Оплакивает бездарно потраченное время, – 3 часа в год.

Хаим Воложин засвидетельствует: от него «…не … скрыта ни одна тайна».

Ему надо немного: два куска хлеба утром и вечером, да воды, желательно, ледяной.

«Жизнь – череда мучений и боли…».

Его не устраивают ночные озарения. Ссылаясь на мистические видения, пустословы толкуют Тору вкривь и вкось; он предпочитает всего достигать трудом.

Он укажет, где в святом писании закодировано имя Рамбама; там заключены имена всех праведников Израиля. В Торе сказано всё. Пятикнижие – не фольклор, ни одного слова впустую.

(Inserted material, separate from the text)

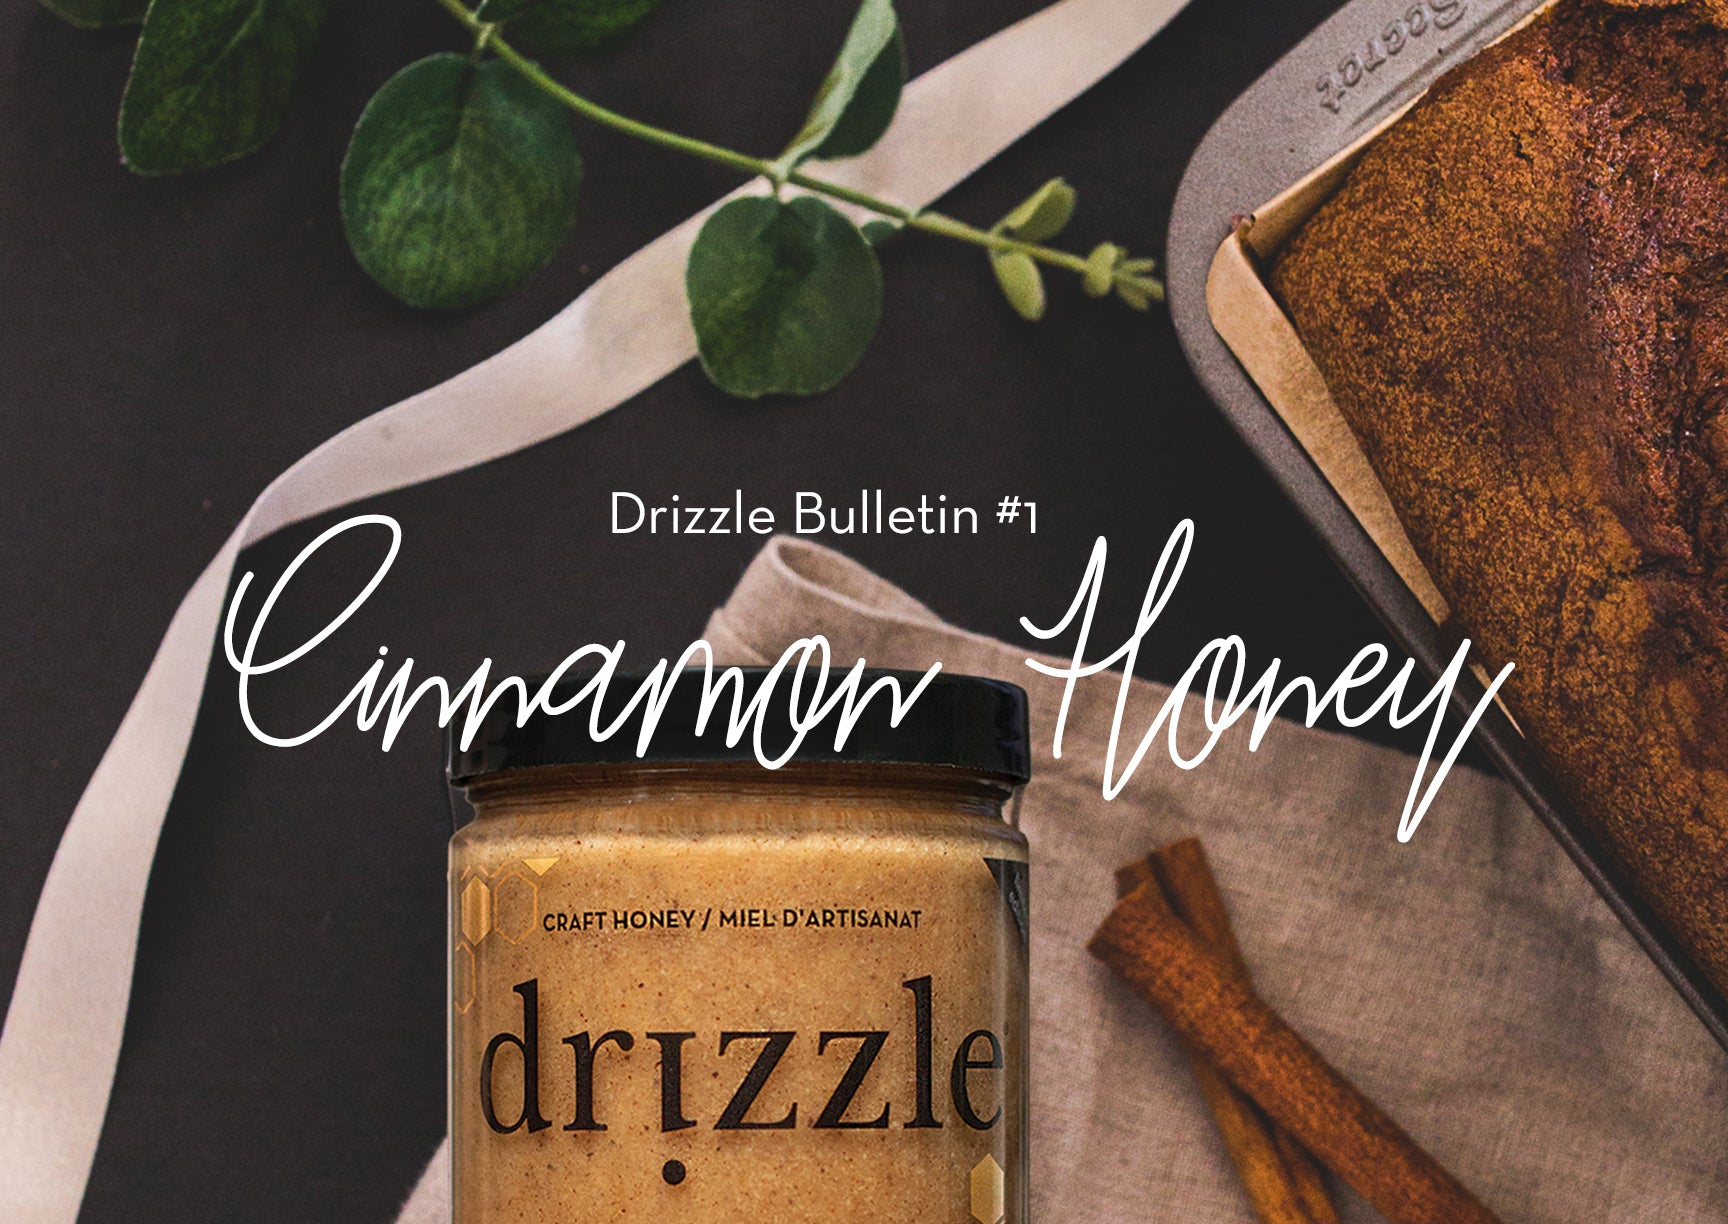 Bulletin 1: Cinnamon Spiced Honey Launch

Повторение – мать учения. Для еврейских мудрецов схожесть мыслей – не плагиат, а принципиальная позиция. Много знакомого в пожеланиях Виленского Гаона следовать средним путём, стреножить «строптивого коня», искать пропитания, а не наживы; лечить подобное подобным: бунтует кровь – иди в армию, в центурионы, стань мясником.

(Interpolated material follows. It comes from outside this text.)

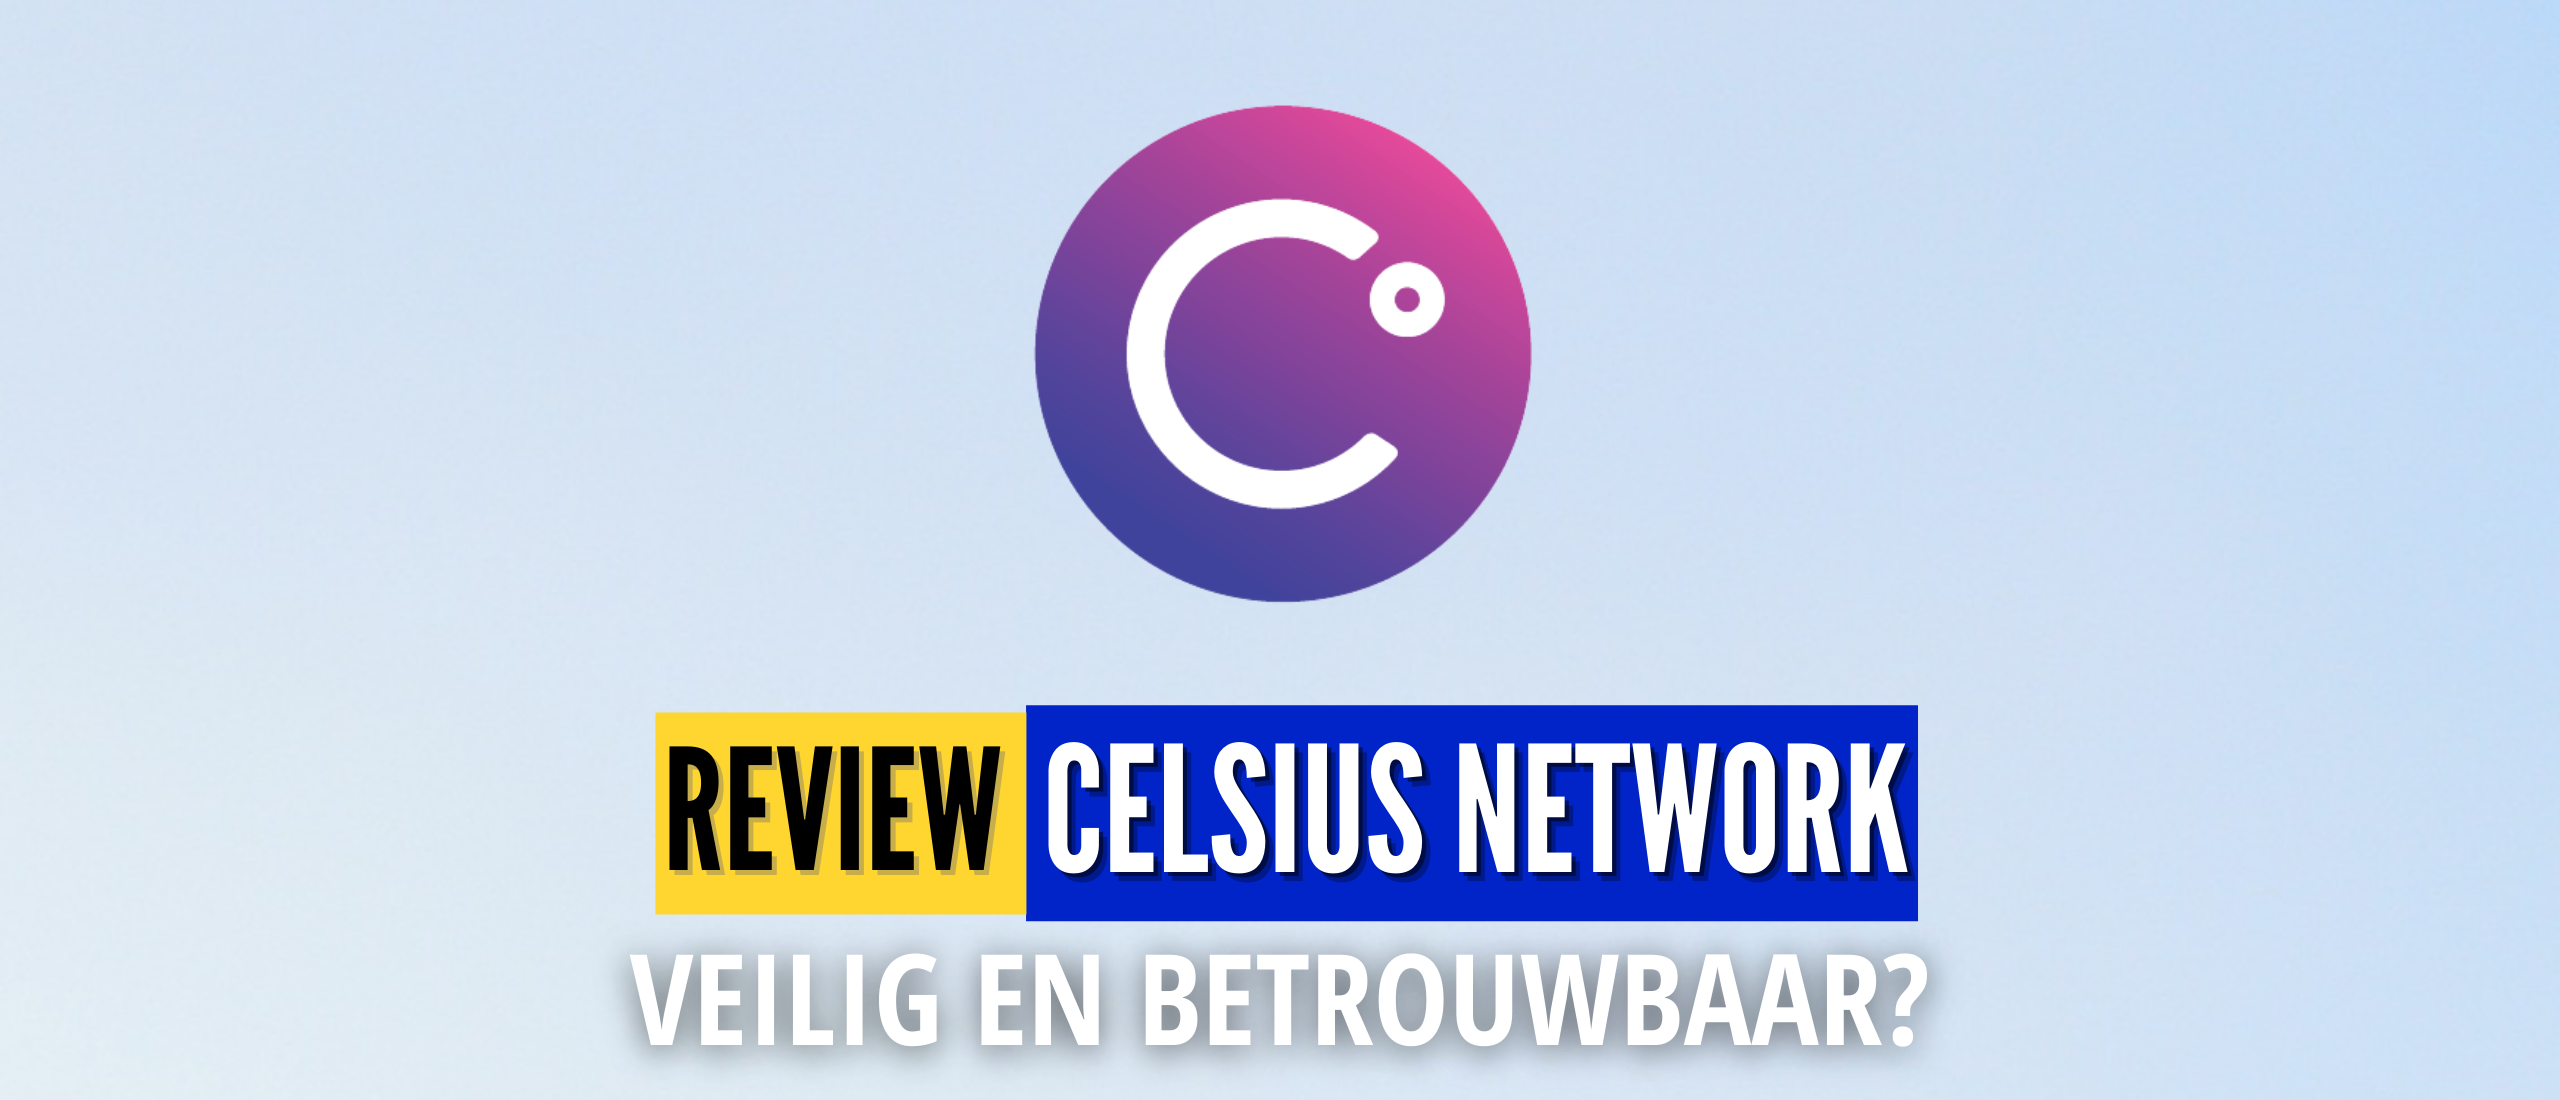 Celsius Network Review – Betrouwbaar of Piramidespel?

«Господин и учитель» строг, пунктуален, неумолим; отклонение от Закона – личное оскорбление и покушение на мироздание. Любое нарушение правил, – в сторону смягчения или ужесточения, – Фигаро здесь, Фигаро там, – отрава. Потом оправдывайся: хотел как лучше, а угодил в капкан.

Кажется, Тора доступна всем, «Сезам, откройся» не требуется. Образованщина портит всё поверхностностью, нахрапом. Тупица и злодей, изучающие глубокие предметы, только исказят их.

На самом деле хуже: извратят.

Непримирим. Осудит раввина Иссерлеса, приспособившего «Шульхан арух» для пользования ашкеназов. Гневно критикует собственного деда.

Изучает астрономию, алгебру, геометрию, химию, географию эрец-Исраэль, увлекается музыкой и вводит её в богослужения.  «Каждый пробел в области светского знания влечёт за собой в десять раз больший пробел в знании Торы».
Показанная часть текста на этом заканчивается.